Department of Epidemiology and Health Statistics, School of Public Health, Southeast University, Nanjing, Jiangsu, China.
Biosci Rep. 2022 Nov 30;42(11). doi: 10.1042/BSR20220892.
Currently, the benefits of immune checkpoint inhibitor (ICI) therapy prediction via emerging biomarkers have been identified, and the association between genomic mutation signatures (GMS) and immunotherapy benefits has been widely recognized as well. However, the evidence about non-small cell lung cancer (NSCLC) remains limited. We analyzed 310 immunotherapy patients with NSCLC from the Memorial Sloan Kettering Cancer Center (MSKCC) cohort. Lasso Cox regression was used to construct a GMS, and the prognostic value of GMS could be able to verify in the Rizvi cohort (N=240) and Hellmann cohort (N=75). We further conducted immunotherapy-related characteristics analysis in The Cancer Genome Atlas (TCGA) cohort (N=1052). A total of seven genes (ZFHX3, NTRK3, EPHA7, MGA, STK11, EPHA5, TP53) were identified for GMS model construction. Compared with GMS-high patients, patients with GMS-low had longer overall survival (OS; P<0.001) in the MSKCC cohort and progression-free survival (PFS; P<0.001) in the validation cohort. Multivariate Cox analysis revealed that GMS was an independent predictive factor for NSCLC patients in both the MSKCC and validation cohort. Meanwhile, we found that GMS-low patients reflected enhanced antitumor immunity in TCGA cohort. The results indicated that GMS had not only potential predictive value for the benefit of immunotherapy but also may serve as a potential biomarker to guide clinical ICI treatment decisions for NSCLC.
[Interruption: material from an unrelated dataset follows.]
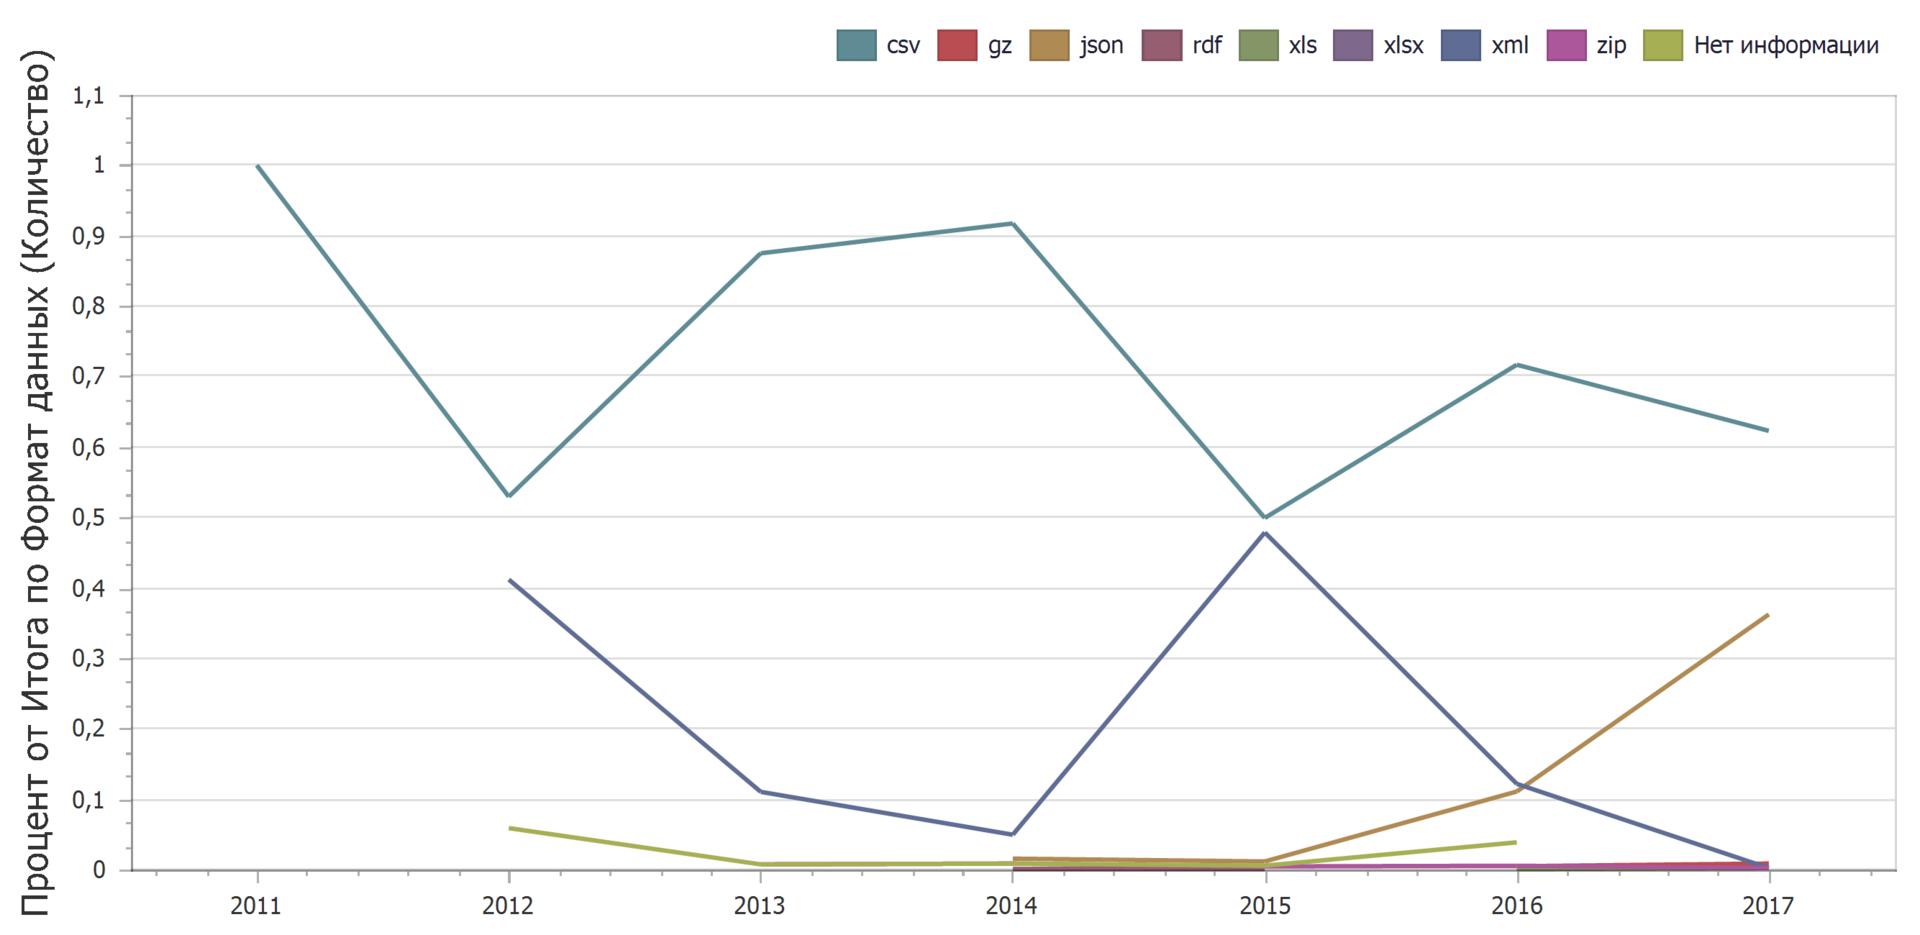 Анализ наборов данных с портала открытых данных data.gov.ru - 11
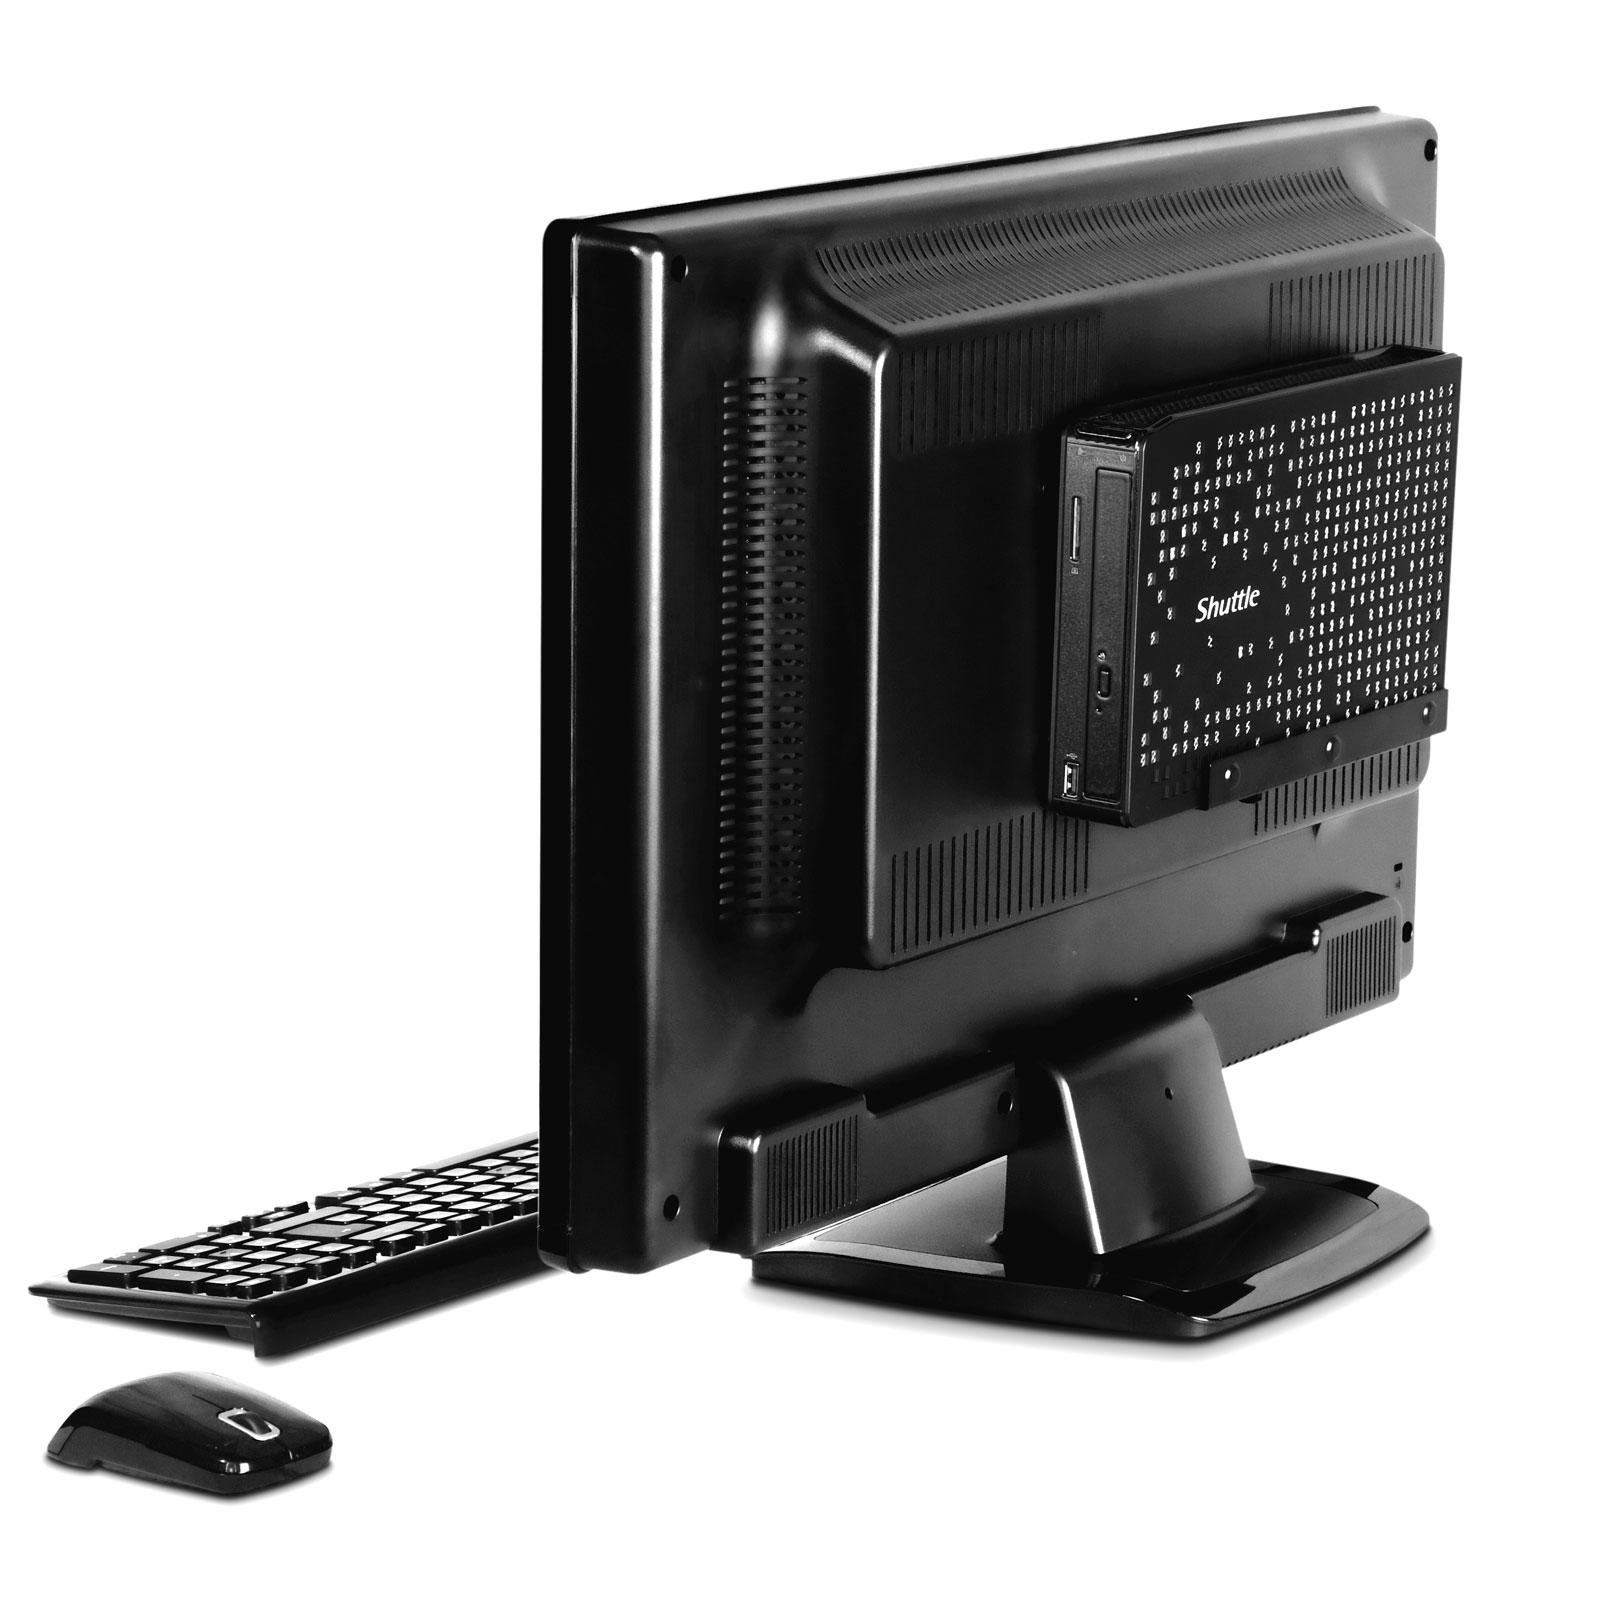 shuttle xs35v4 mini barebone xs35v4 achat vente barebone pc sur. Black Bedroom Furniture Sets. Home Design Ideas

目前,已经确定了通过新兴生物标志物预测免疫检查点抑制剂(ICI)治疗效果的益处,并且已经广泛认识到基因组突变特征(GMS)与免疫治疗益处之间的关联。然而,关于非小细胞肺癌(NSCLC)的证据仍然有限。我们分析了来自纪念斯隆凯特琳癌症中心(MSKCC)队列的 310 名接受 NSCLC 免疫治疗的患者。使用 Lasso Cox 回归构建 GMS,并在 Rizvi 队列(N=240)和 Hellmann 队列(N=75)中验证 GMS 的预后价值。我们进一步在癌症基因组图谱(TCGA)队列(N=1052)中进行了免疫治疗相关特征分析。共鉴定出七个基因(ZFHX3、NTRK3、EPHA7、MGA、STK11、EPHA5、TP53)用于 GMS 模型构建。与 GMS-高患者相比,MSKCC 队列中 GMS-低患者的总生存期(OS;P<0.001)和验证队列中的无进展生存期(PFS;P<0.001)更长。多变量 Cox 分析表明,GMS 是 MSKCC 和验证队列中 NSCLC 患者的独立预测因素。同时,我们发现 GMS-低患者在 TCGA 队列中反映出增强的抗肿瘤免疫。结果表明,GMS 不仅具有预测免疫治疗获益的潜力,而且可能作为指导 NSCLC 临床 ICI 治疗决策的潜在生物标志物。